なかでも虹のグラデーション作品はさらに遡ること20年前、向井周太郎先生の作品制作を担当したこのときに先生とイメージをあたためていたものだったそうで、制作時はイメージの爆発という印象で、どんどん作品を作っていました。

工藤強勝先生がディレクションで、銀座で個展をした時は、たまたま展示をみてくださいました新井満さんから、その作品群を「断裁アート」と命名くださるお手紙いただき、エールを送ってくださいました。展示最終日には向井先生もドイツ帰りにわざわざ駆けつけてくださいました。 その頃は製本所のそこかしこに、断裁アートづくりのための、紙のグラデーションの束がごろごろしておりました。
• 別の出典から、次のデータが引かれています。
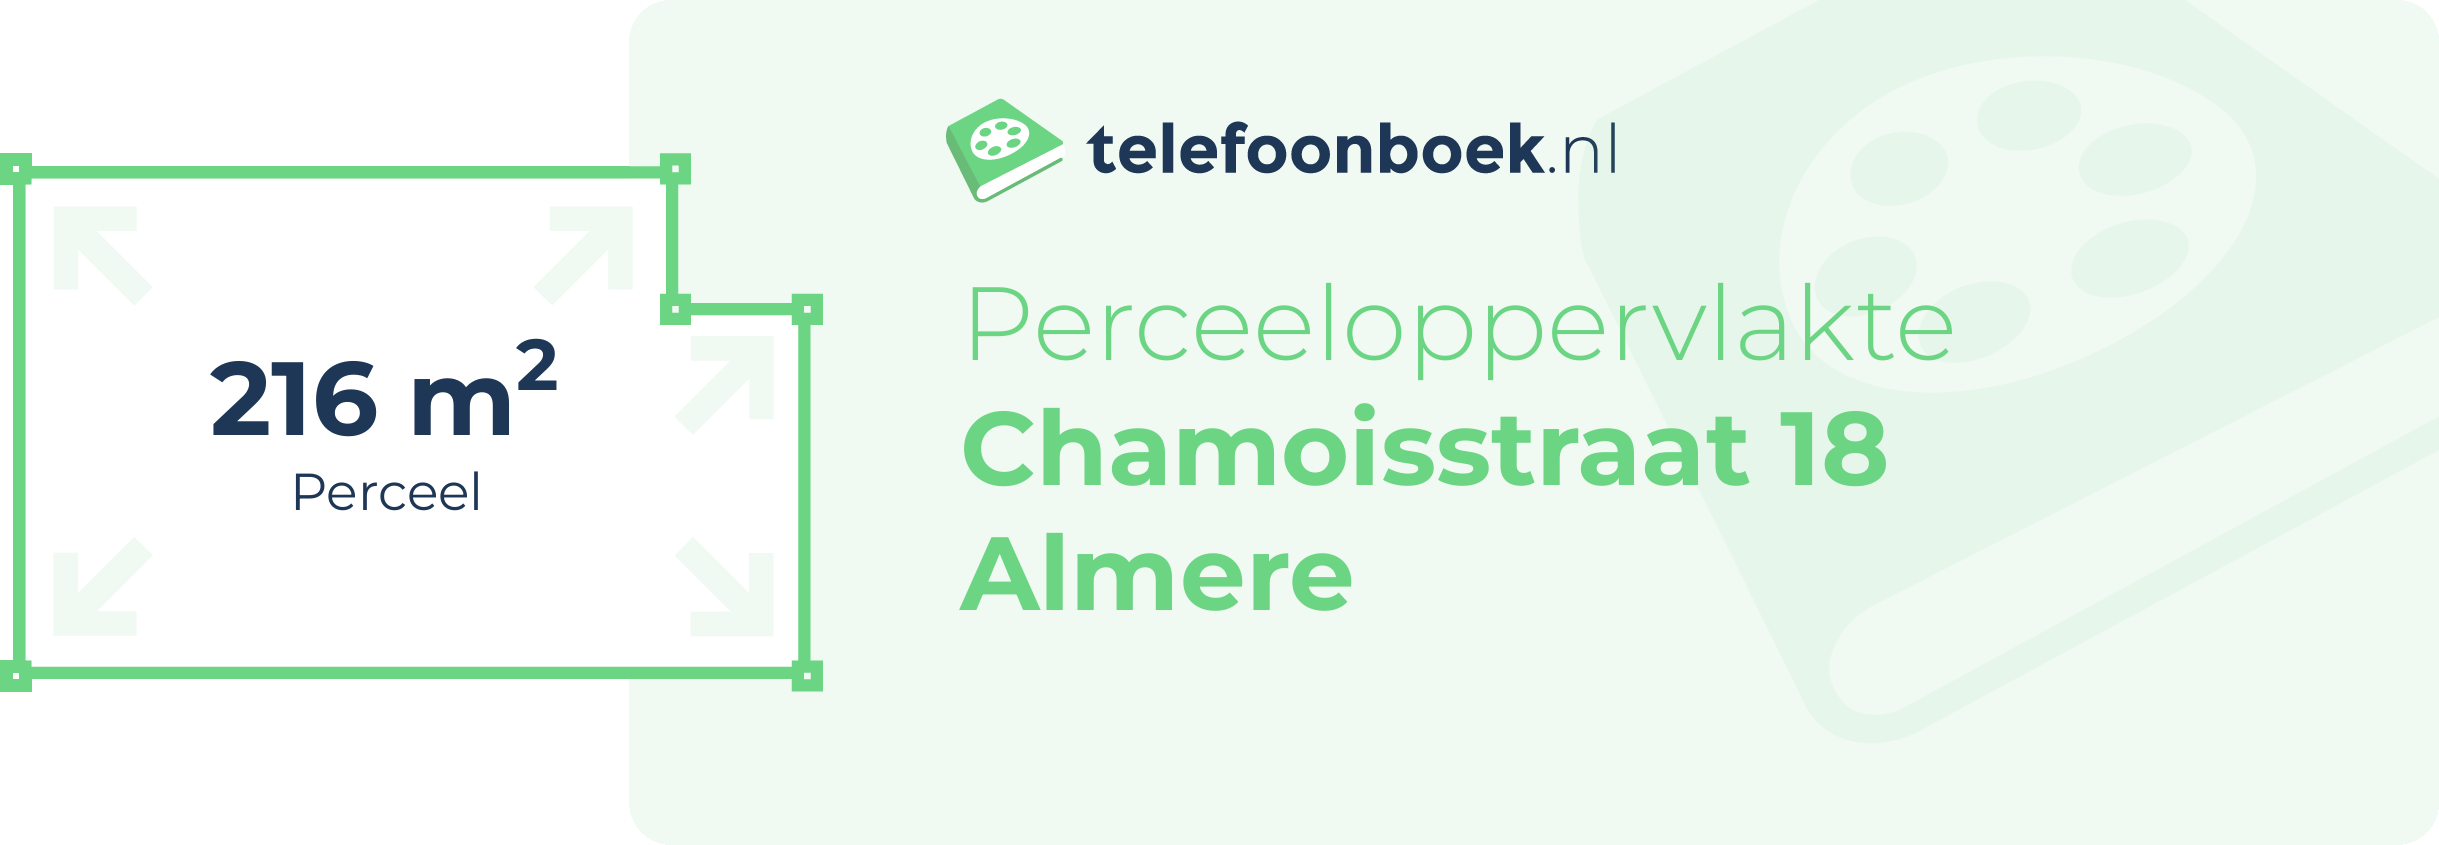 Perceeloppervlakte Chamoisstraat 18 Almere

勤めて2年の歳月が流れ、もともと服飾雑貨の商品企画をしていた私は、自社でステーショナリーが作れるのでは? と、親方と従兄弟の真一さんに相談し、仕事後にあれこれつくってみるようになりました。

最初に作ったのが、マーブル染のノートと、親方が作ったグラデーションの束を立方体に切り出してブロックメモとして、原宿シーモアグラスの店頭で売ってみました。 これが、虹色ブロックメモの一番最初でした。 このあと、虹色のシリーズを作っていくことになります。